De notre envoyée spéciale à Istanbul,

Stands et camions avec musique à fonds, meetings parfois 5 fois par jours, la campagne électotale turque sature tout l'espace public. Un seul candidat surtout : lampadaires, balcons, panneaux publicitaires son visage s’étale à tous les coins de rues et à la télévision aussi où l’écrasant essentiel du temps d’antenne lui est consacré. Bref, Recep Tayip Erdogan est partout. Mais aux commandes du pays depuis 16 ans, le président est fatigué. Il se répète dans ses discours, tourne en rond. Une panne de prompteur lors d’un discours et c’est le silence : impossible désormais pour lui d’improviser.

Le président qui était le seul jusqu’ici à électriser les foules affronte aussi parmi tous ses adversaires, et c’est la première fois, une figure capable de lui tenir tête et de le défier dans la joute oratoire. Tout le pays suit désormais son ping pong verbal à distance avec Muharrem Ince, et c’est souvent musclé. « pauvre type » attaque un jour le président, réponse du candidat du vieux parti kémaliste : « il vaut mieux être un pauvre type qu’un corrompu ». Tabou levé dans un pays où l’insulte au président peut conduire à la prison.

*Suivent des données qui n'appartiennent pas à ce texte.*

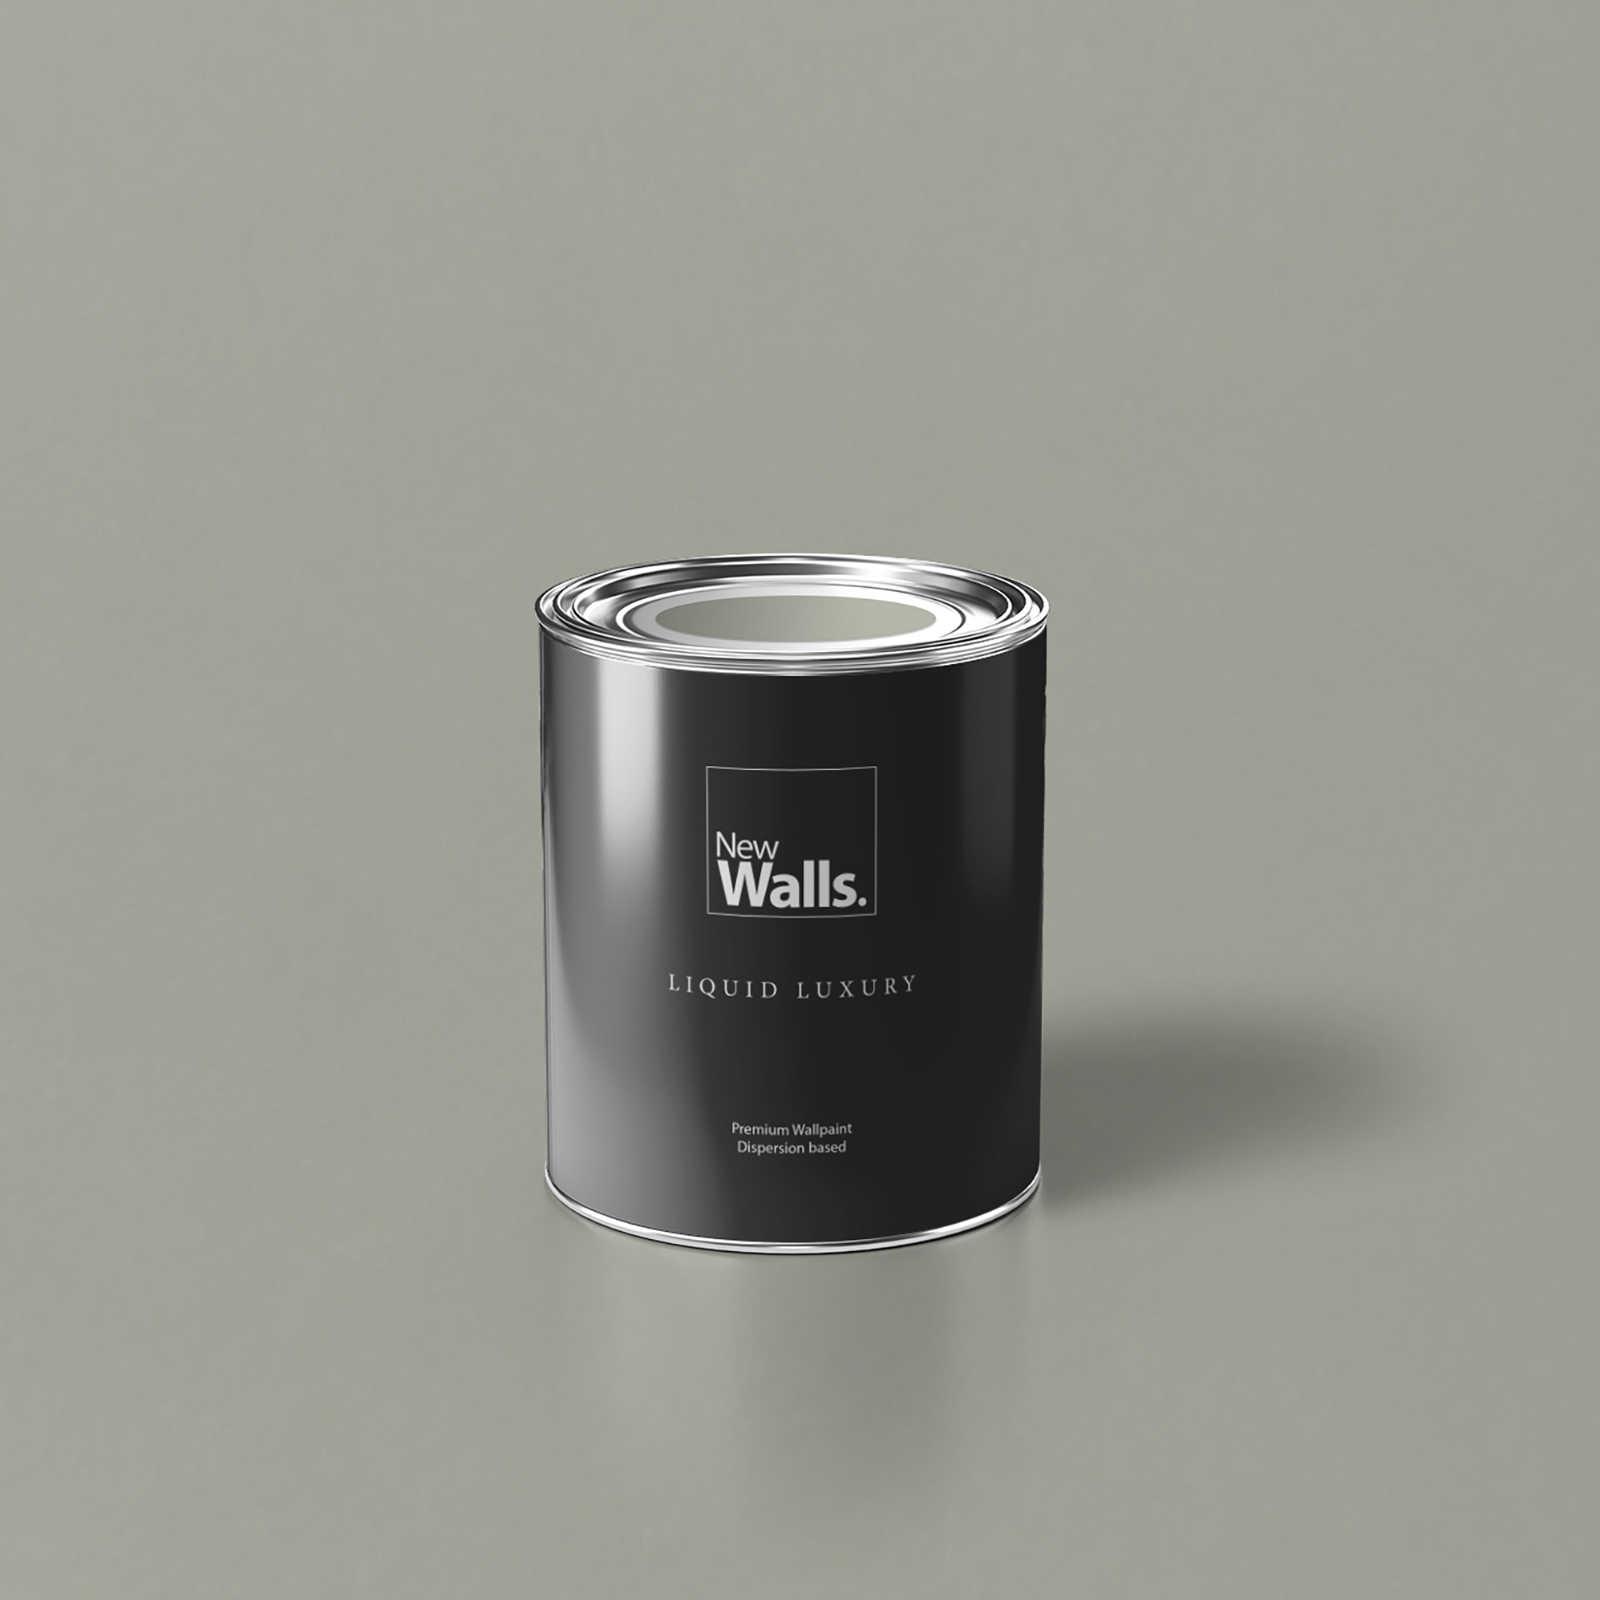 Premium Wall Paint Soft Olive Green »Talented calm taupe« NW705 – 1 litre

Le visage de Recep Tayyip Erdogan s’étale à tous les coins de rues.REUTERS/Stoyan Nenov

Les électeurs peu diserts

Violence verbale chez les candidats, tension chez les électeurs : une société si polarisée désormais que l’échange entre pro et anti Erdogan se résume de plus en plus à des menaces. Mais ce qui résonne le plus fort dans le pays, c’est le silence des électeurs. Suivre un candidat de l’opposition en campagne, c’est enchaîner les serrages de main et les distributions de tracts et attendre que la discussion s’engage, le plus souvent sans succès. Certes, on peut sans grande difficulté évoquer avec les passants la crise économique qui fait sentir ses premiers effets et qui a motivé, disent les observateurs, l’avancement de la date des élections de près d’un an et demi. Le chômage augmente, environ 10% désormais, la livre turque bat des records à la baisse, l’inflation à deux chiffres ampute le pouvoir d’achat et ralentit l’activité des entreprises et des petits commerces. Mais de là à conclure que la réussite économique qui avait tant porté le président Erdogan lui coûtera des points dans les urnes.. difficile à dire. C’est un critère de vote, mais c’est loin d’être le seul.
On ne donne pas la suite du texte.